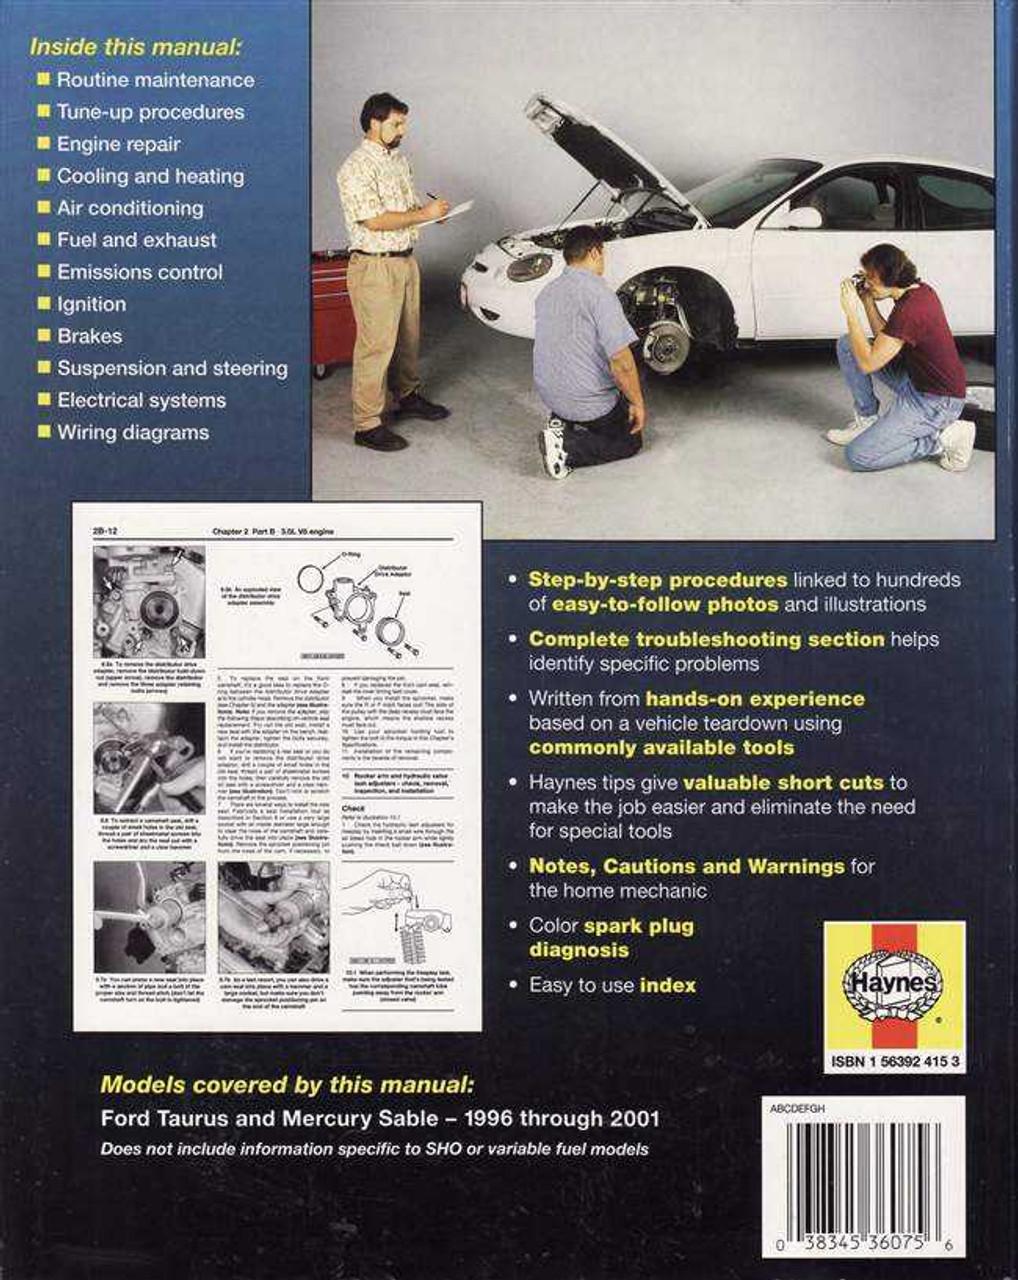 medium resolution of ford taurus and mercury sable 1996 2001 workshop manual 96 mercury sable exhaust diagram
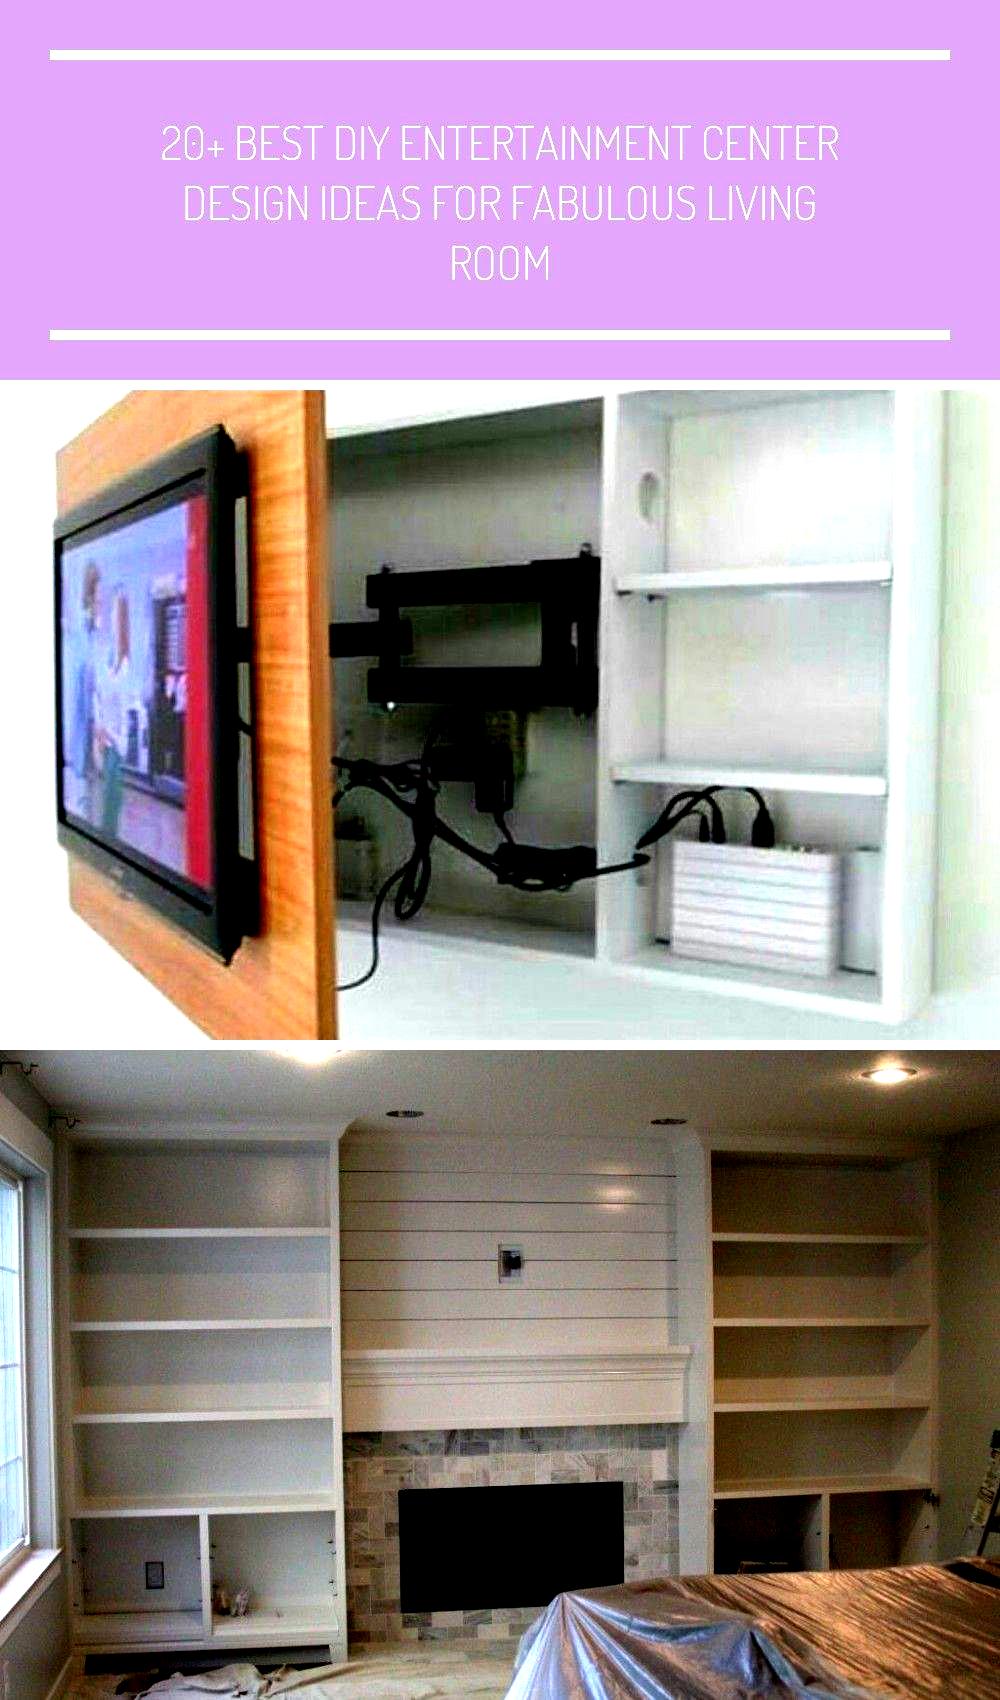 More ideas below: #HomeDecorIdeas #DiyHomeDecor DIY Pallet Enterta… | Pallet entertainment centers, Fireplace entertainment center, Living room entertainment center
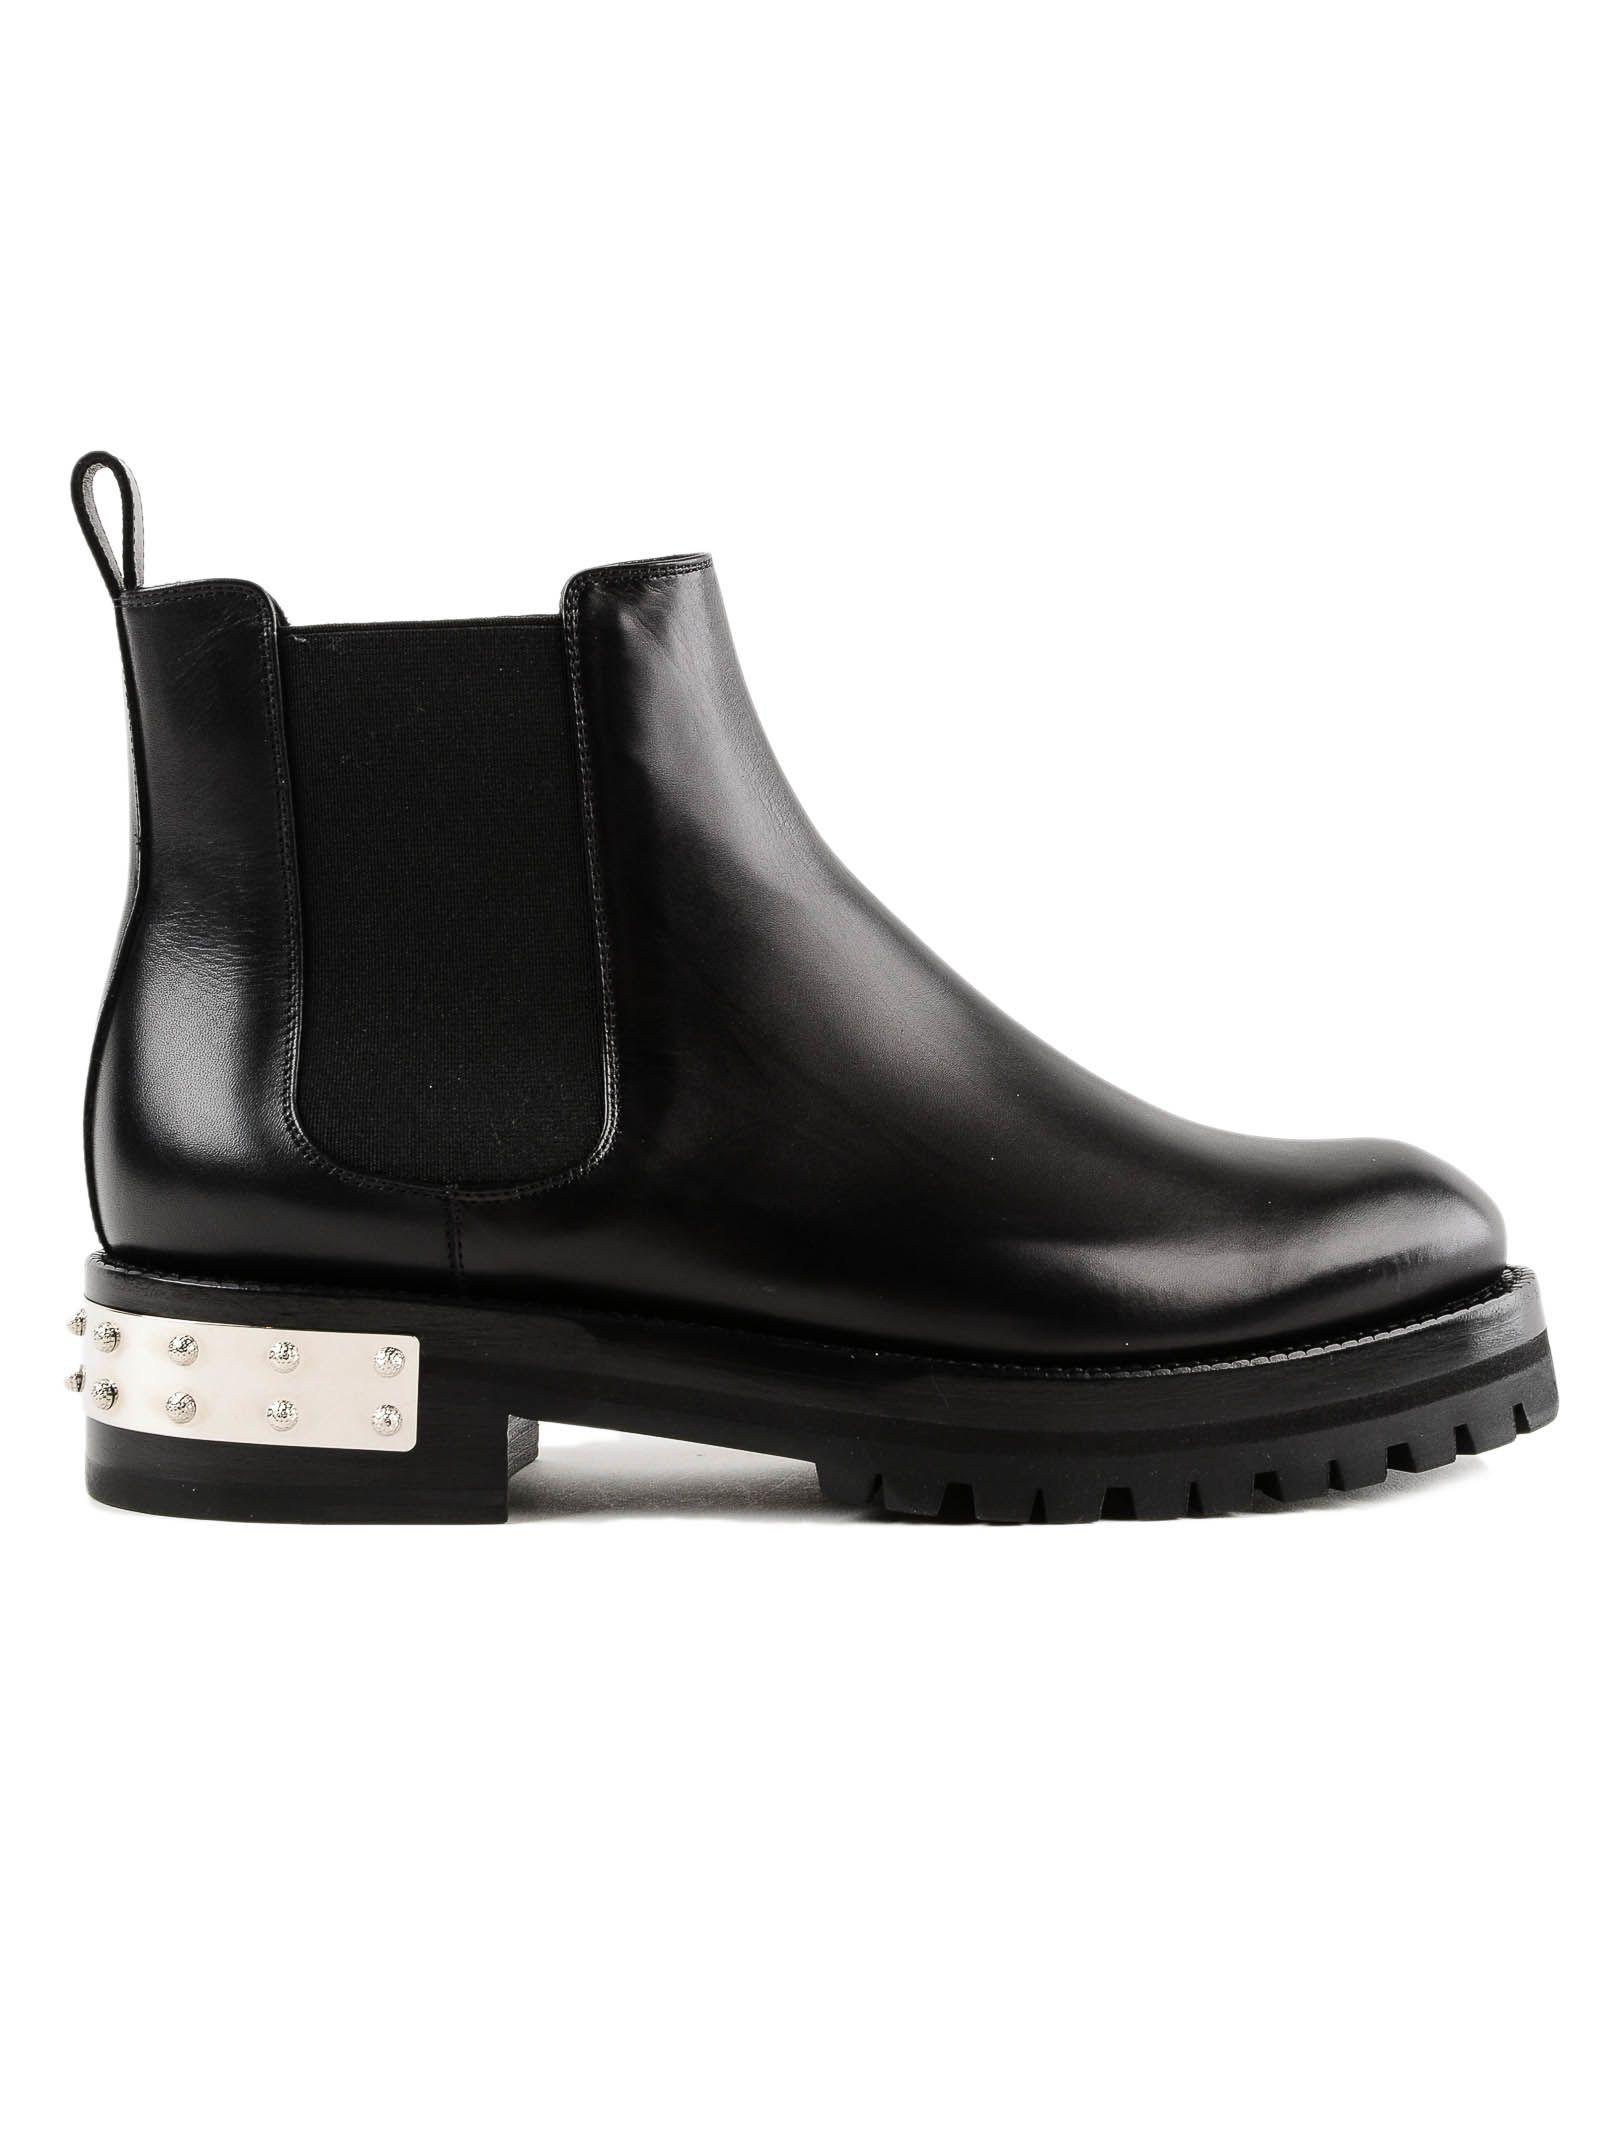 Alexander Mcqueen Flat Ankle Boots
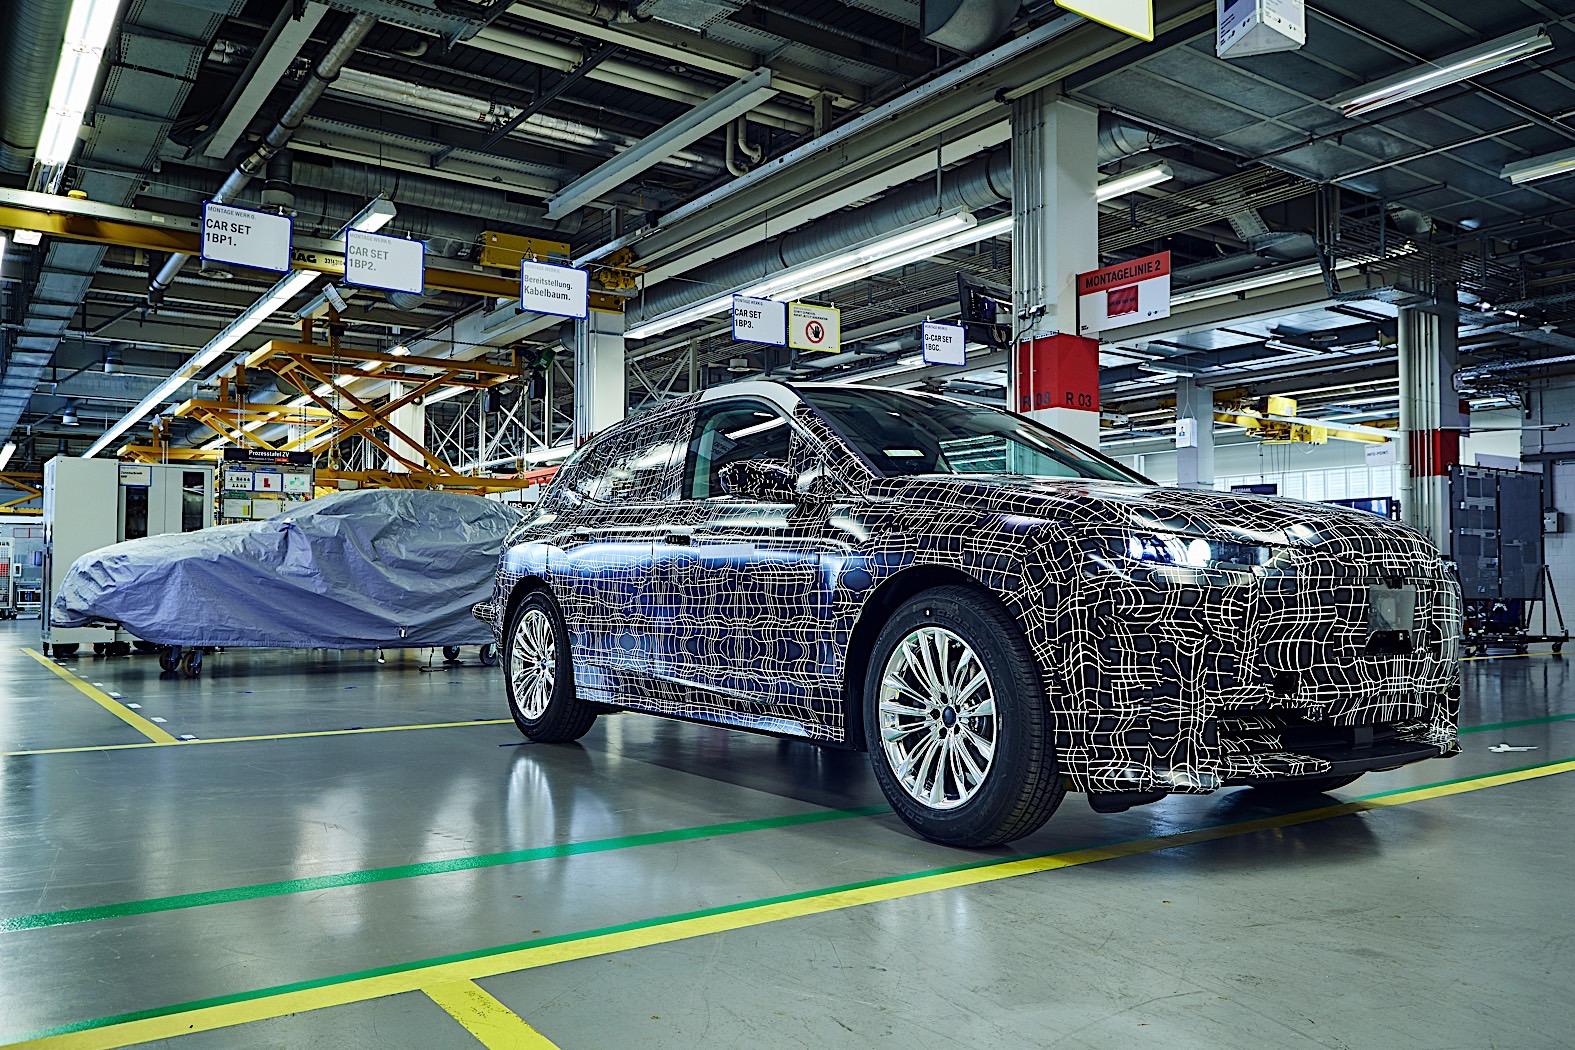 Sklapanje BMW iNext prototipova (VIDEO)

○ ○ ○ ○ ○

* [WHAT IS REQUIRED]:
Since the pictures are not wanted, transcribe only the rest of the material above, exactly as it stands.

* [RESULT FOR THIS TASK]:
 medium resolution of ford taurus and mercury sable 1996 2001 workshop manual 96 mercury sable exhaust diagram
 More ideas below: #HomeDecorIdeas #DiyHomeDecor DIY Pallet Enterta… | Pallet entertainment centers, Fireplace entertainment center, Living room entertainment center
 Alexander Mcqueen Flat Ankle Boots
 Sklapanje BMW iNext prototipova (VIDEO)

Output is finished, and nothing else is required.